**Information**.
◇ ◇ ◇ ◇

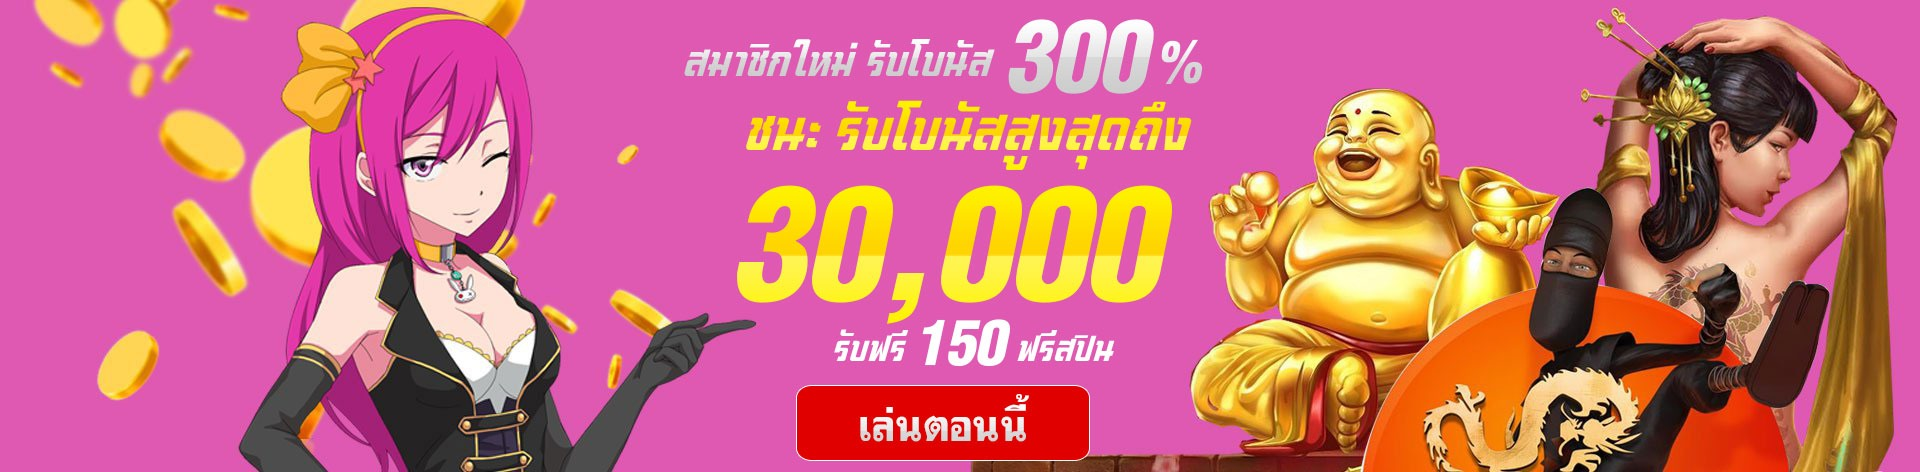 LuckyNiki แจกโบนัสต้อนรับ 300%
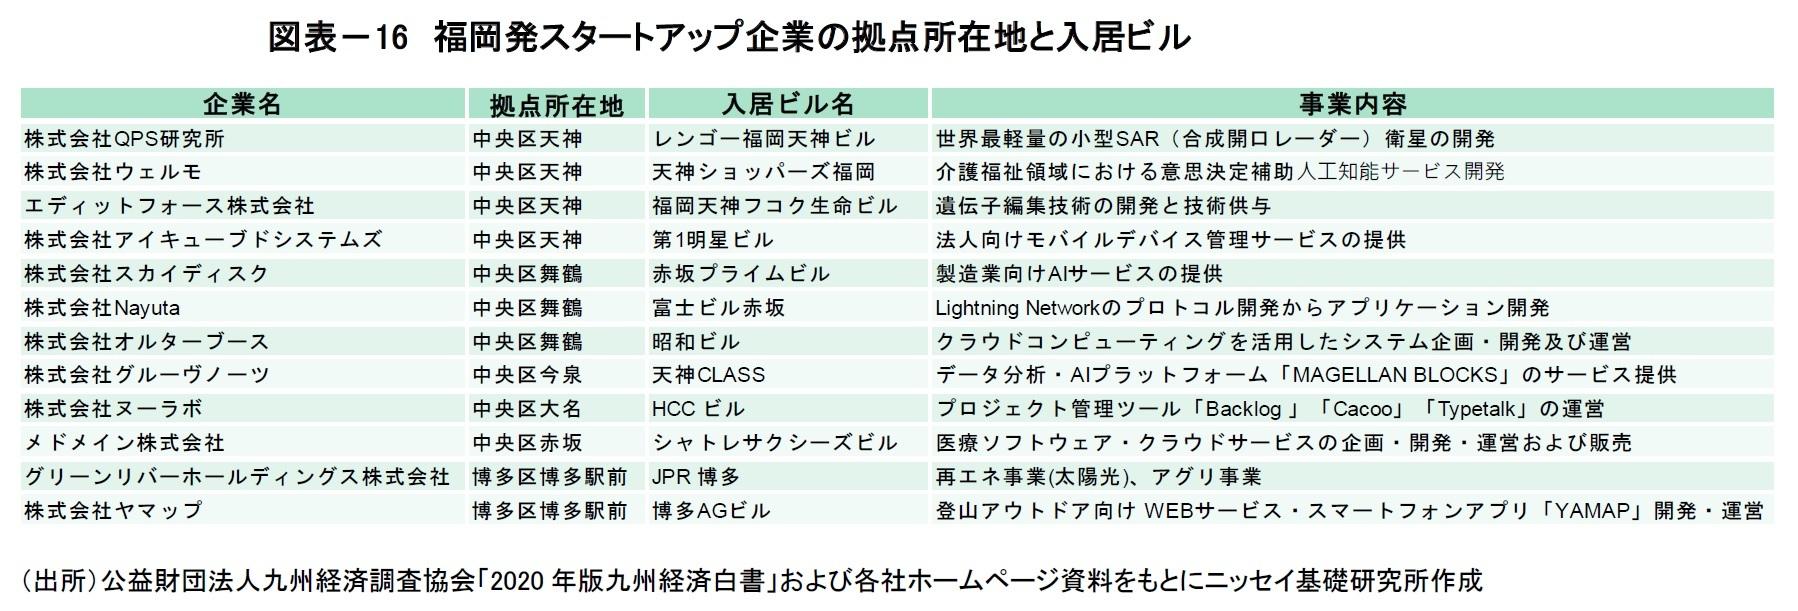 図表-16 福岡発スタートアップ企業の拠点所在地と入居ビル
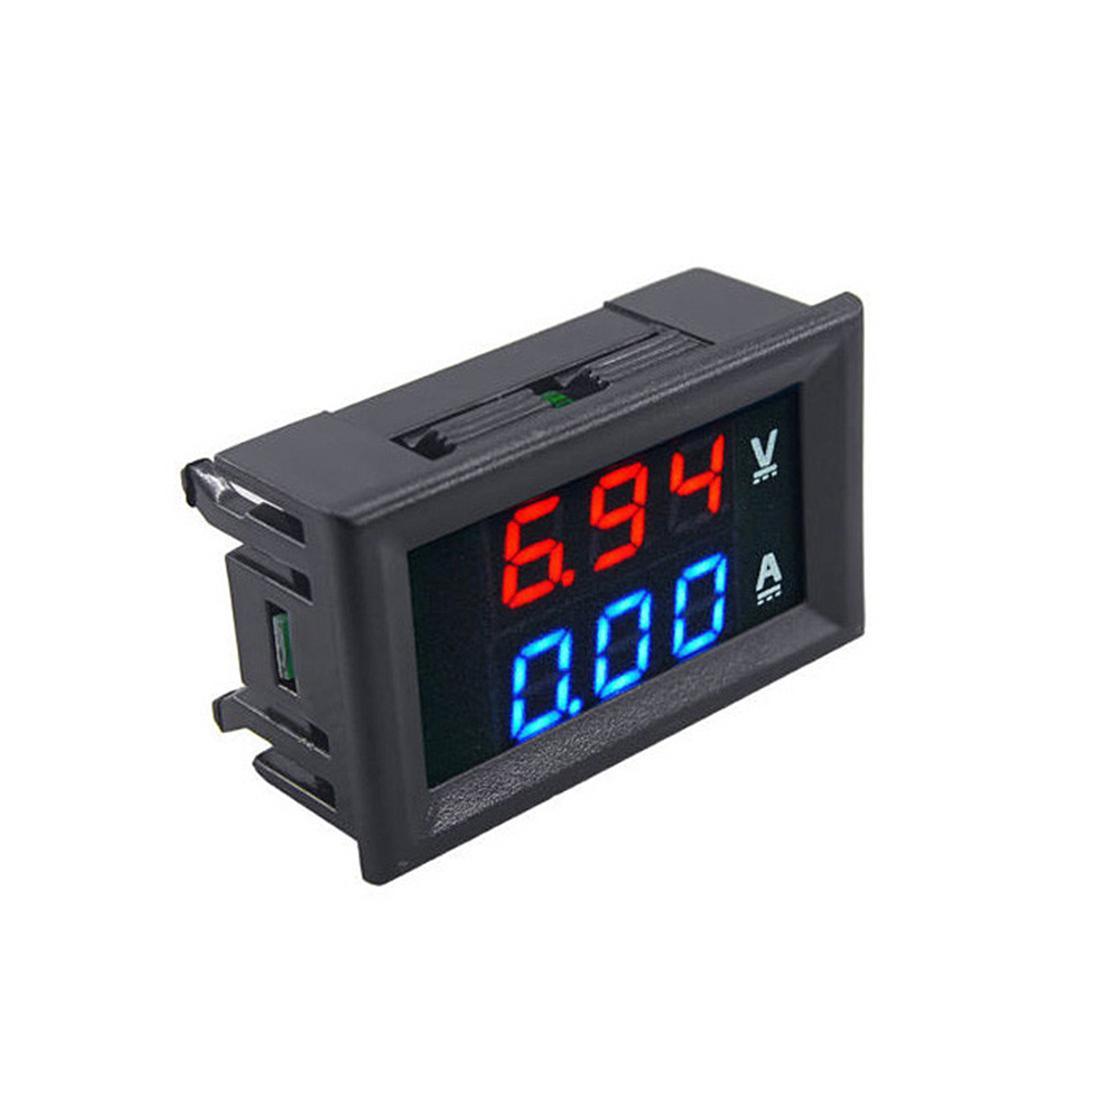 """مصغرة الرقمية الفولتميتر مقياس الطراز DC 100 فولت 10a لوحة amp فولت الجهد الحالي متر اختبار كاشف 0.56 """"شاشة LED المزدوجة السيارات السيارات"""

◇ ◇ ◇ ◇

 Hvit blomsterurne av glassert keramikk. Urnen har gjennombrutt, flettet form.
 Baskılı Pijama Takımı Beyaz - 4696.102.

◇ ◇ ◇ ◇

**Assignment**. Reproduce the lines above starting at the one with "図表-16 福岡発スタートアップ企業の拠点所在地と入居ビル" and ending at the one with "الرقمية الفولتميتر مقياس", both included, exactly and with no pictures.

**Answer to this problem**.
 図表-16 福岡発スタートアップ企業の拠点所在地と入居ビル
 """مصغرة الرقمية الفولتميتر مقياس الطراز DC 100 فولت 10a لوحة amp فولت الجهد الحالي متر اختبار كاشف 0.56 """"شاشة LED المزدوجة السيارات السيارات"""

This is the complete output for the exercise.